The Botticelli Secret
- Author: Marina Fiorato
- Genre: Mystery, detective fiction, historical fiction, thriller
- Publisher: John Murray (UK) St. Martin's Press
- Publication date: Sept 2010
- Publication place: United States United Kingdom
- Pages: 517 (U.S. paperback) 548 (UK paperback)
- ISBN: 978-0-312-60636-7 (US) 978-1-84854-798-8 (UK)
- Preceded by: Madonna of the Almonds
- Followed by: Daughter of Sienna

= The Botticelli Secret =

Book by Marina Fiorato

The Botticelli Secret is a 2010 historical-mystery-detective novel written by Marina Fiorato in the vein of code adventures such as The Da Vinci Code by Dan Brown. Set in the 15th century throughout the Italian states, the protagonists are part-time model and full-time prostitute Luciana Vetra and monk Father Guido della Torre as they are thrown together in Florence and chased across the country through the likes of Venice, Milan and Rome. The title of the novel refers to a conspiracy that Luciana has stumbled across, and a code in the famous painting La Primavera by Renaissance artist Sandro Botticelli.

==Plot summary==
In 15th-century Italy, Luciana Vetra is young and beautiful, with long, golden hair. She is a full-time whore and a part-time model. When her best client asks her to pose as the goddess Flora for a painting, Luciana complies until the artist abruptly sends her away without payment. Luciana angrily takes the unfinished painting, but someone is ready to kill her and people she knows to get the painting back.

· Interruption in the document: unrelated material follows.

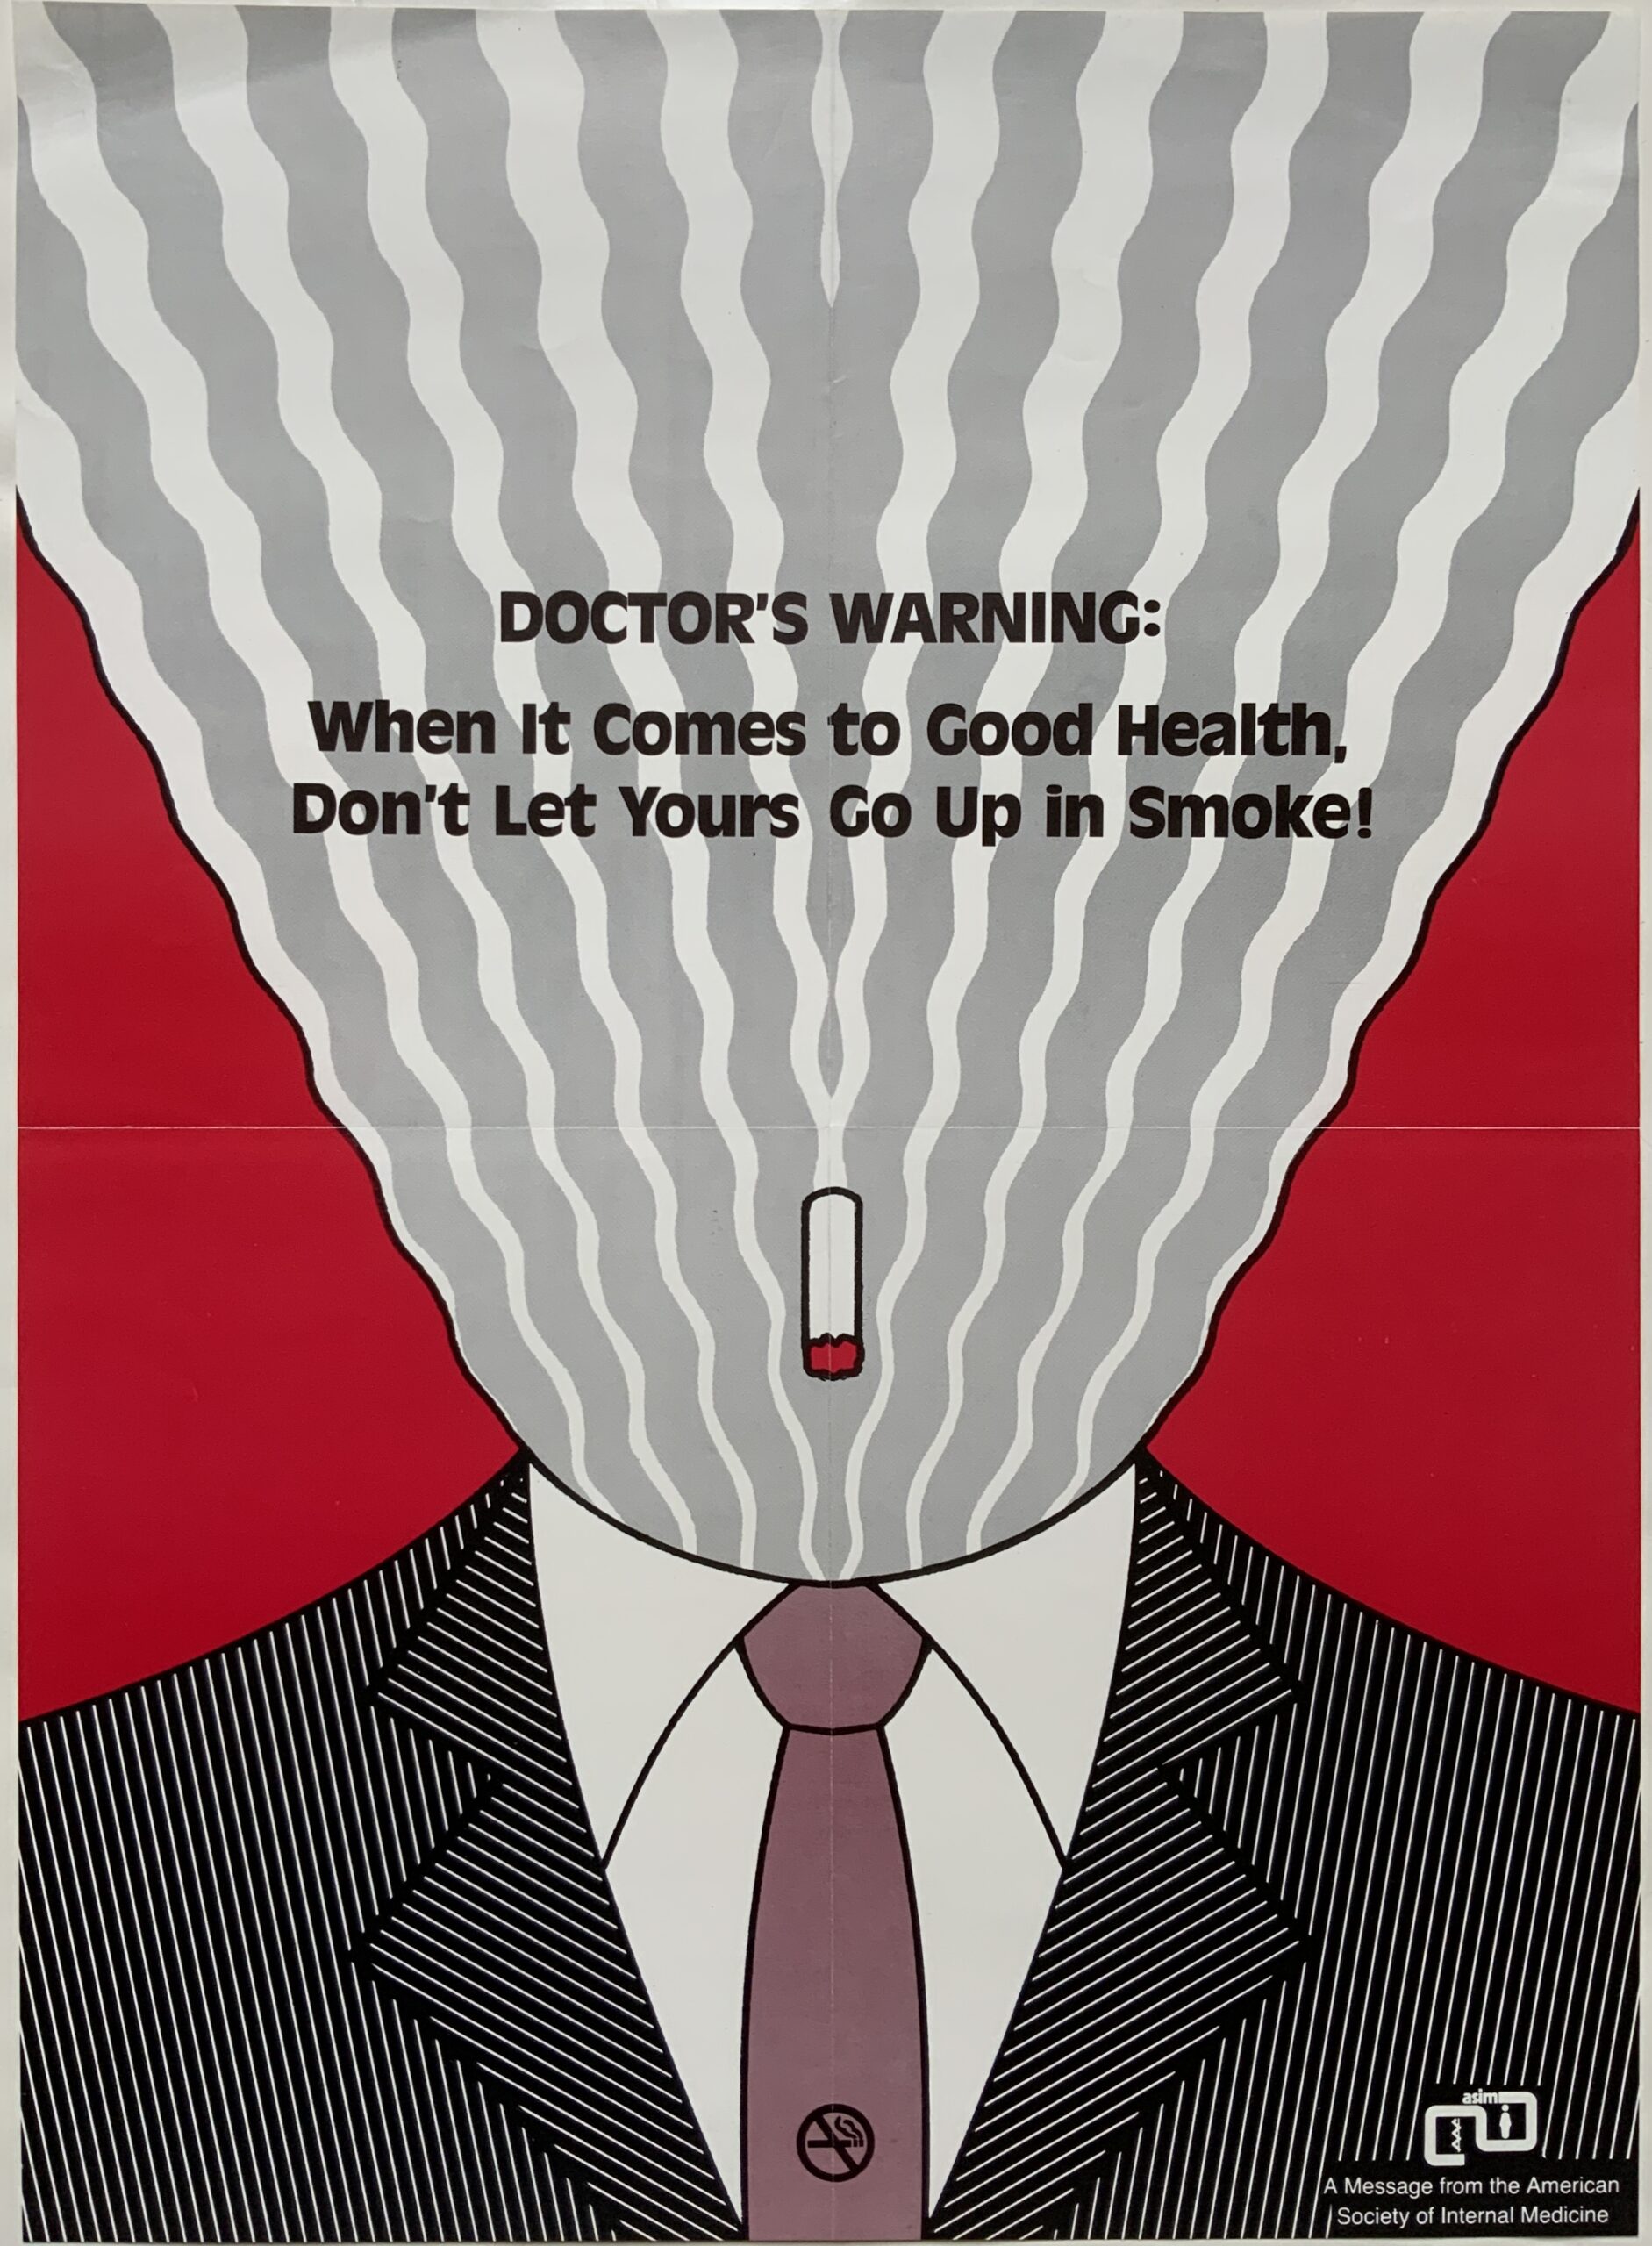 M389	DOCTOR’S WARNING - WHEN IT COMES TO GOOD HEALTH, DON’T LET YOURS GO UP IN SMOKE!

As friends and clients are murdered around her, Luciana turns to Guido della Torre, a novice at the monastery of Santa Croce. They flee together through the nine great cities of Renaissance Italy, trying to decode the painting's secrets before their enemies catch up with them.

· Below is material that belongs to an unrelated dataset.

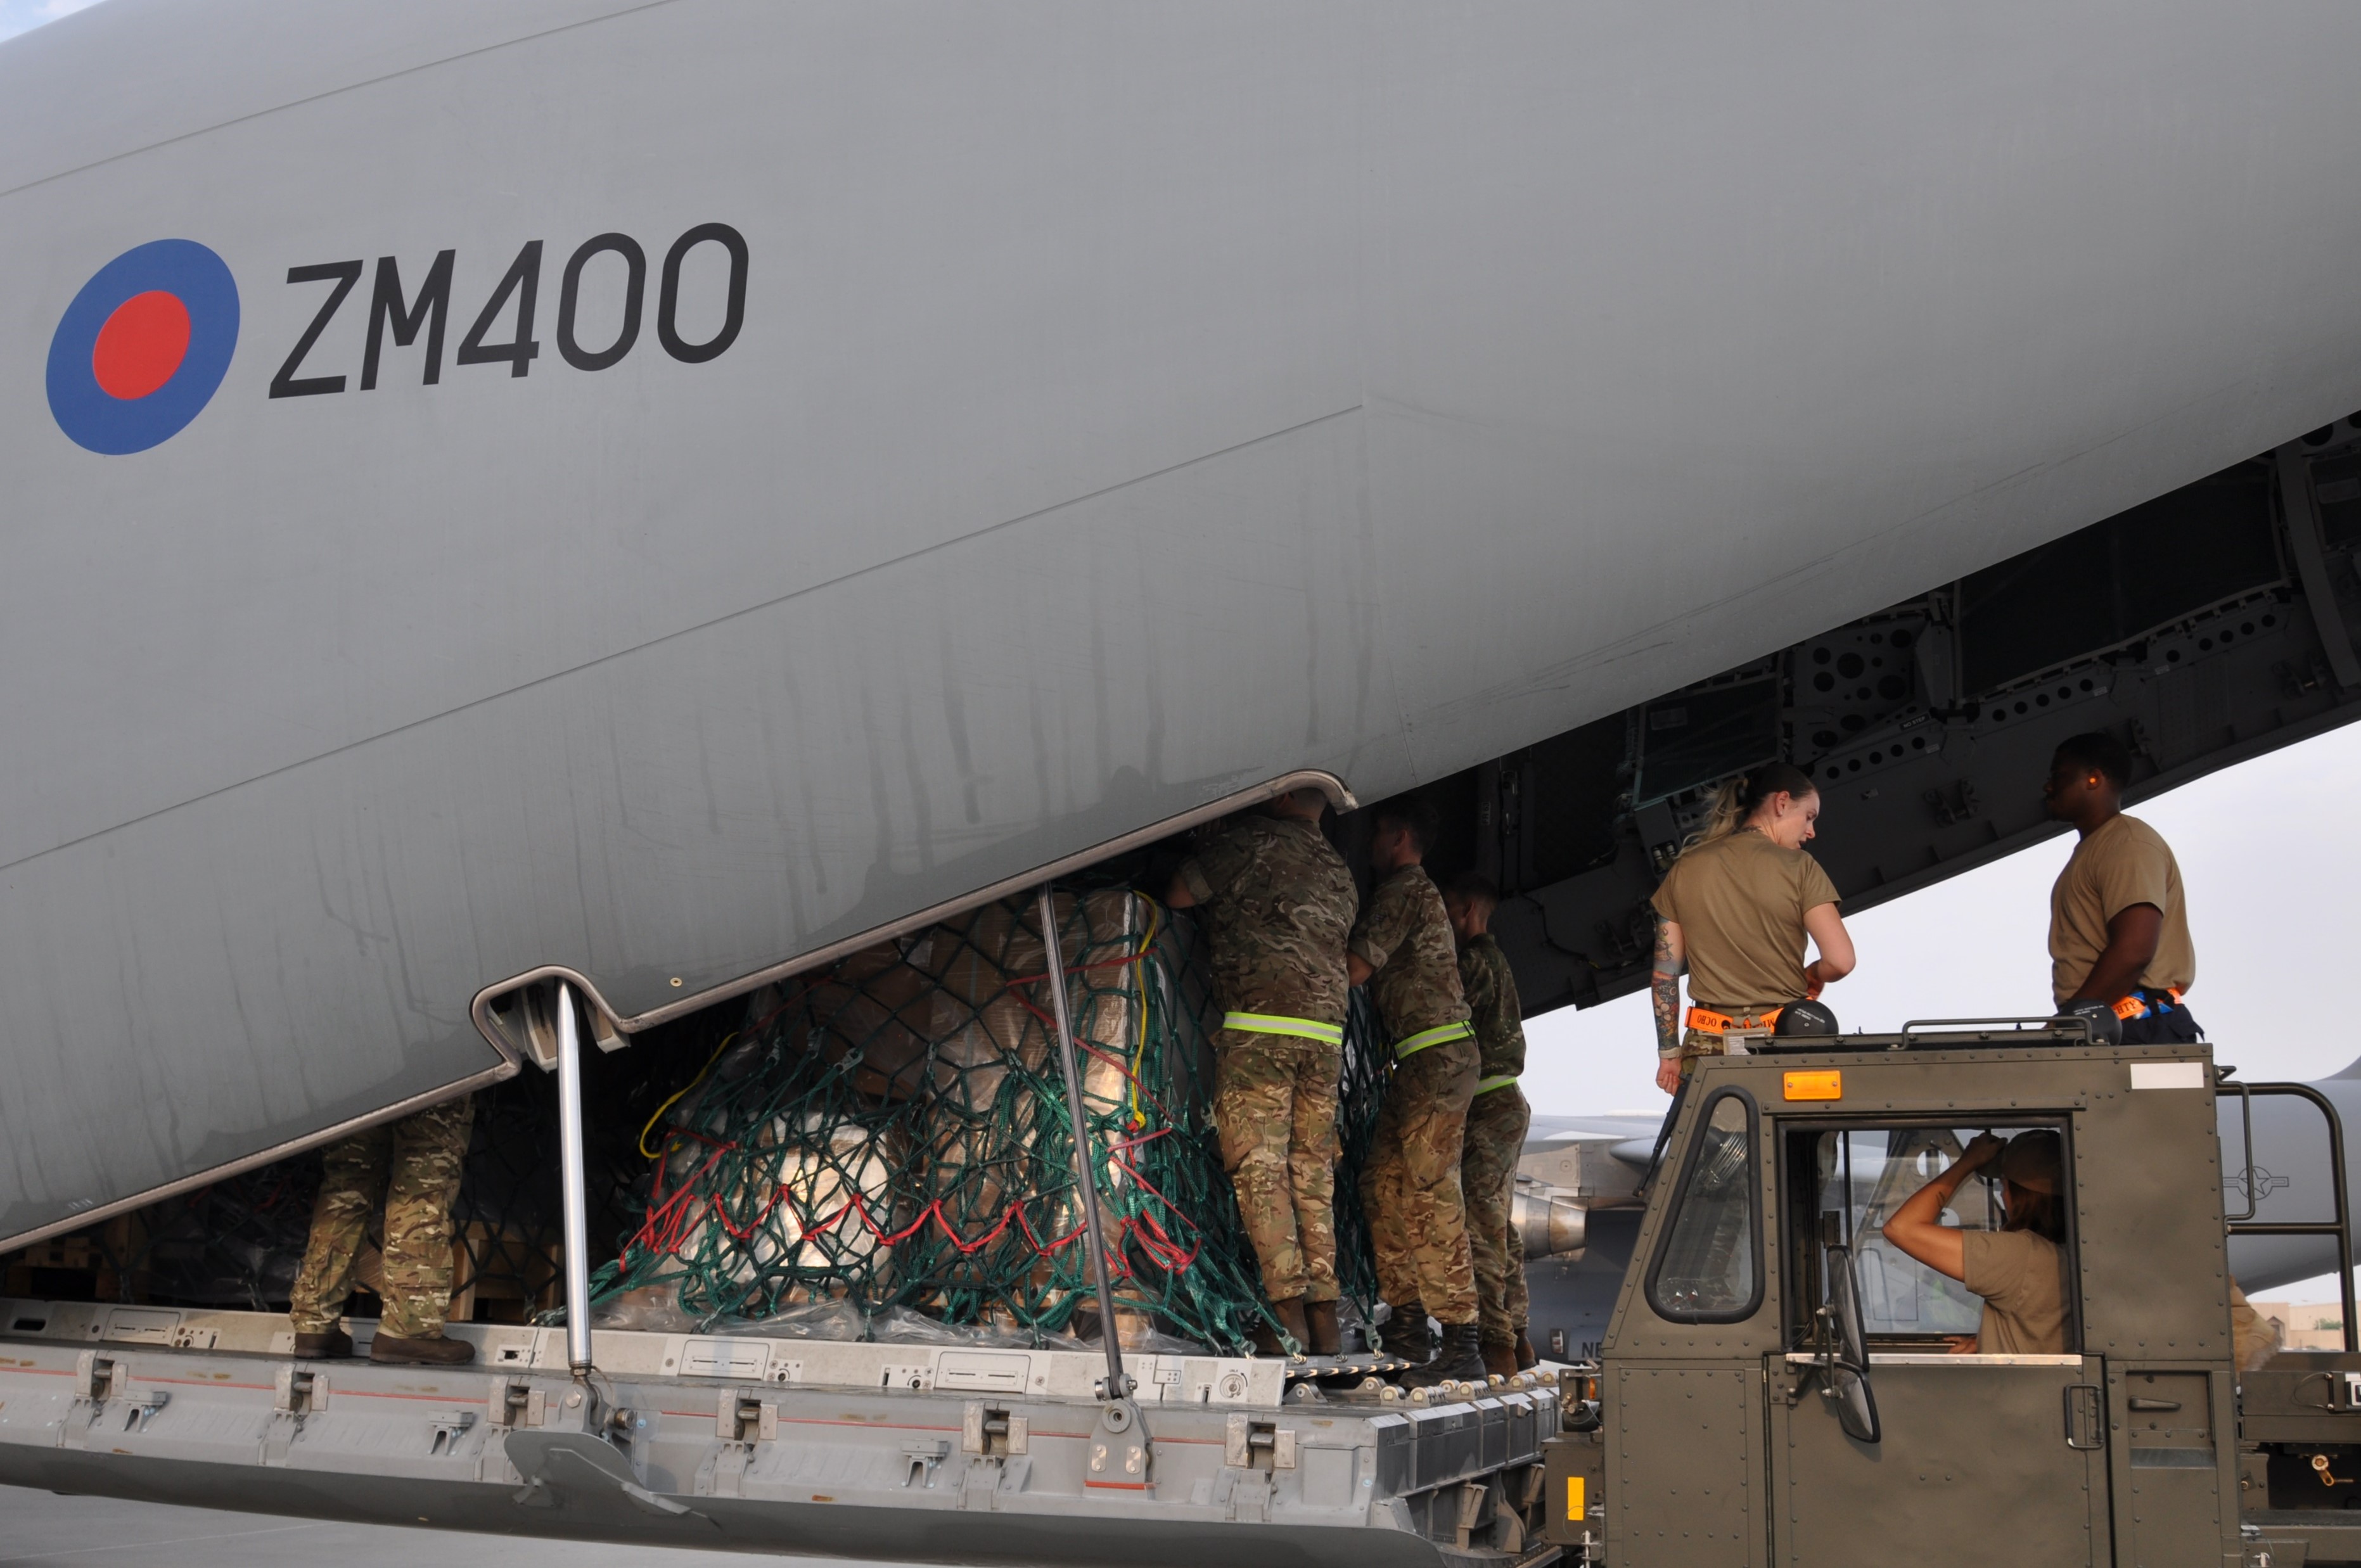 Supplies being loaded onto the Atlas aircraft

==Secret of La Primavera==
Woven into the novel like a Dan Brown code, Fiorato analyzes the painting and pulls out each of the characters that Botticelli created—not just to be seen as individuals, but as whole too. Many Renaissance academics (including Professor Guidoni) share the same belief as Fiorato that there is a code in the painting, and its true meaning is revealed at the end of the novel - lifting a conspiracy that would last until the 19th century.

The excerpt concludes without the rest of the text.